-------- RECORD EXTRACTS --------
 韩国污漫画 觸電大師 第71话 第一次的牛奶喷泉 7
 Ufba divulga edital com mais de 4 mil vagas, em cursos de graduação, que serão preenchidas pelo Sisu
--------
-------- RECORD EXTRACTS --------
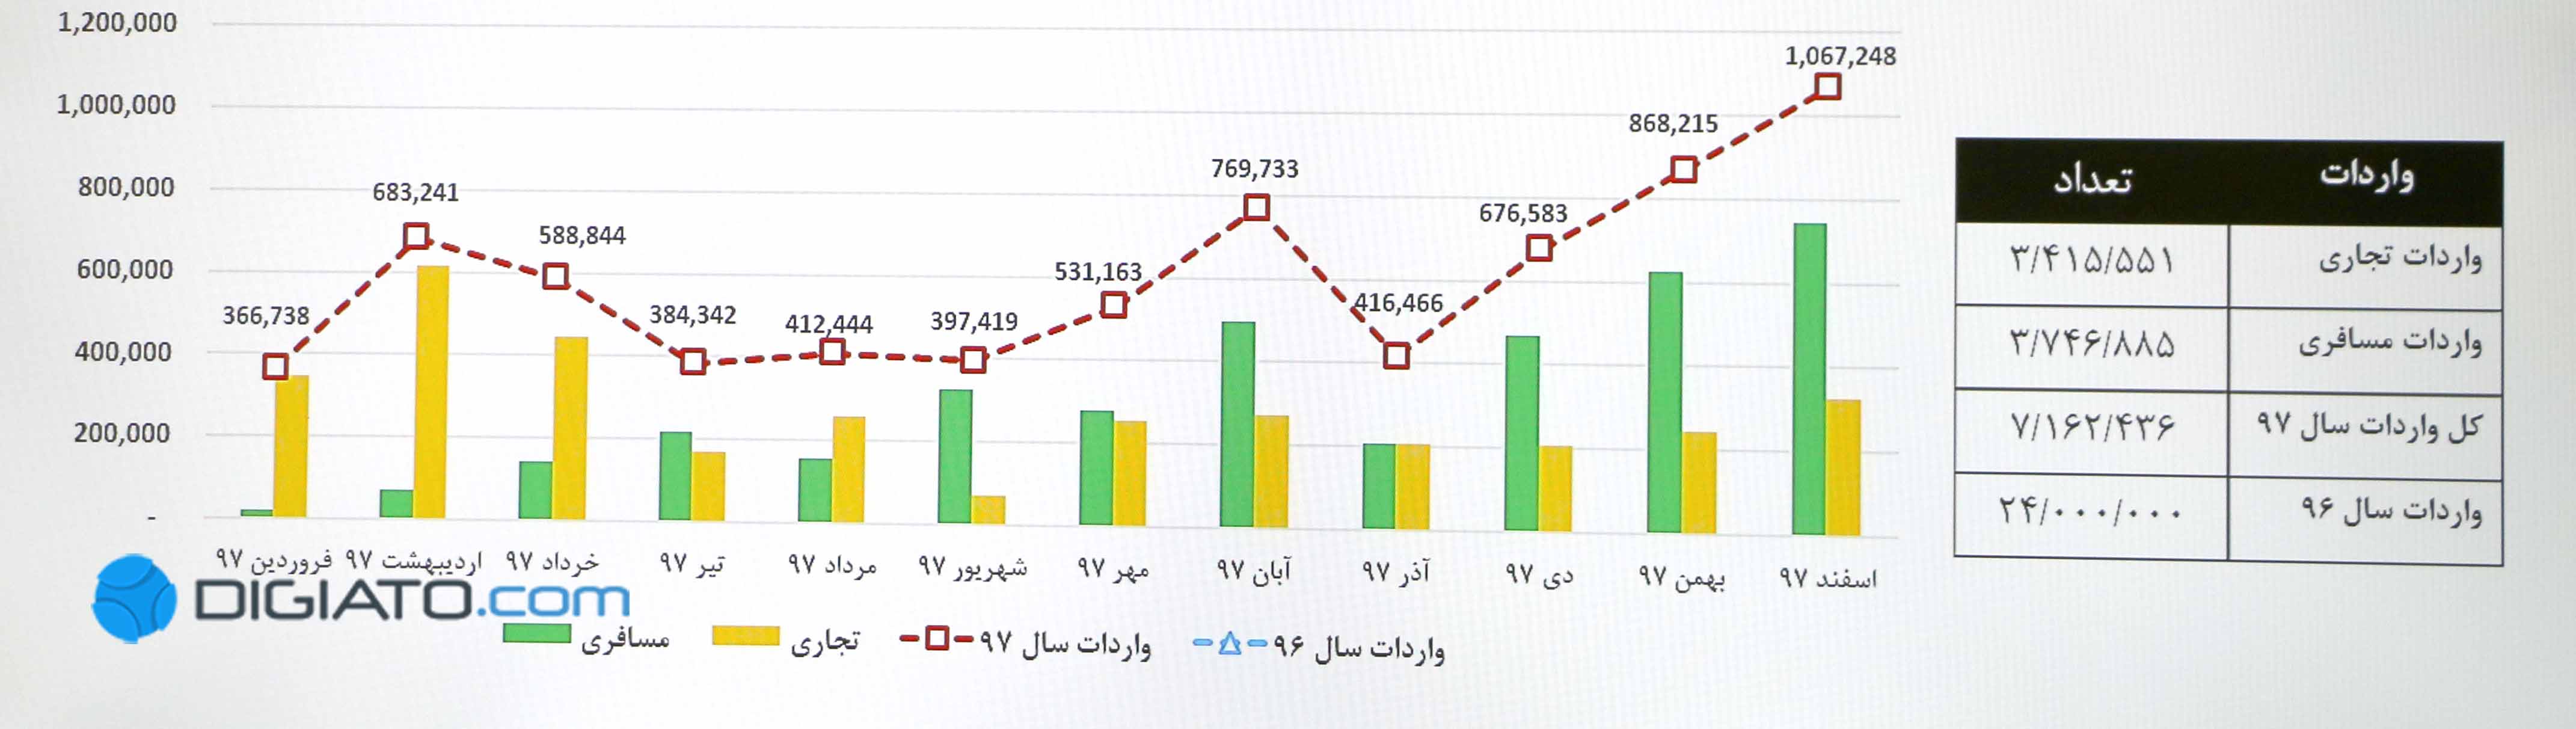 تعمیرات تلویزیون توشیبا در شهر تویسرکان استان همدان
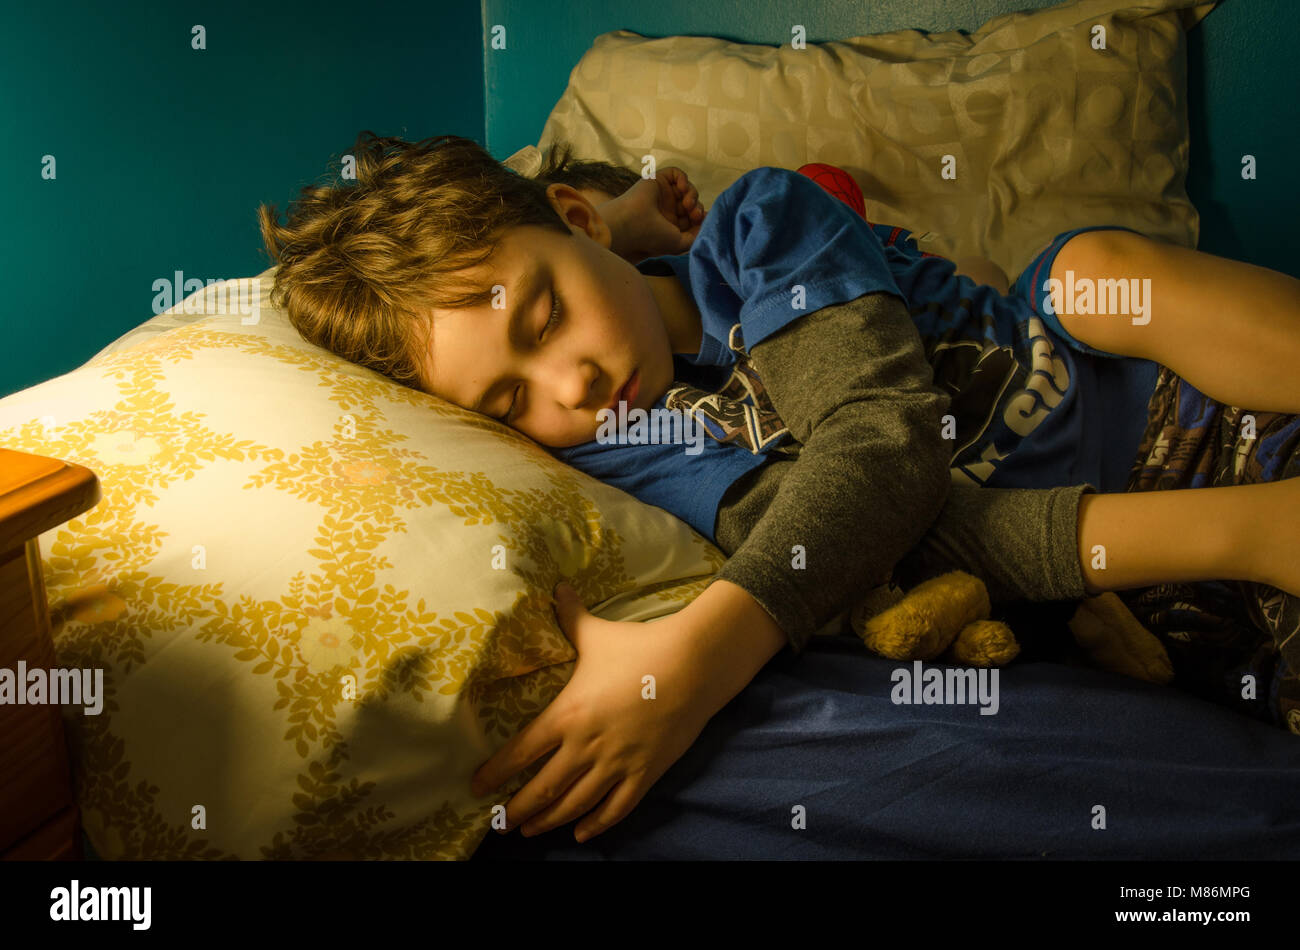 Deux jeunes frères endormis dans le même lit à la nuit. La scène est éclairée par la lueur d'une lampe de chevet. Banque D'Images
--------
**ACTIVITY**
Of the entries listed above, reproduce only the lines starting at the line containing "韩国污漫画 觸電大師 第71话 第一次的牛奶喷泉 7" and ending at the line containing "Ufba divulga edital". Include both, exactly as they stand.

**SOLUTION BELOW**
 韩国污漫画 觸電大師 第71话 第一次的牛奶喷泉 7
 Ufba divulga edital com mais de 4 mil vagas, em cursos de graduação, que serão preenchidas pelo Sisu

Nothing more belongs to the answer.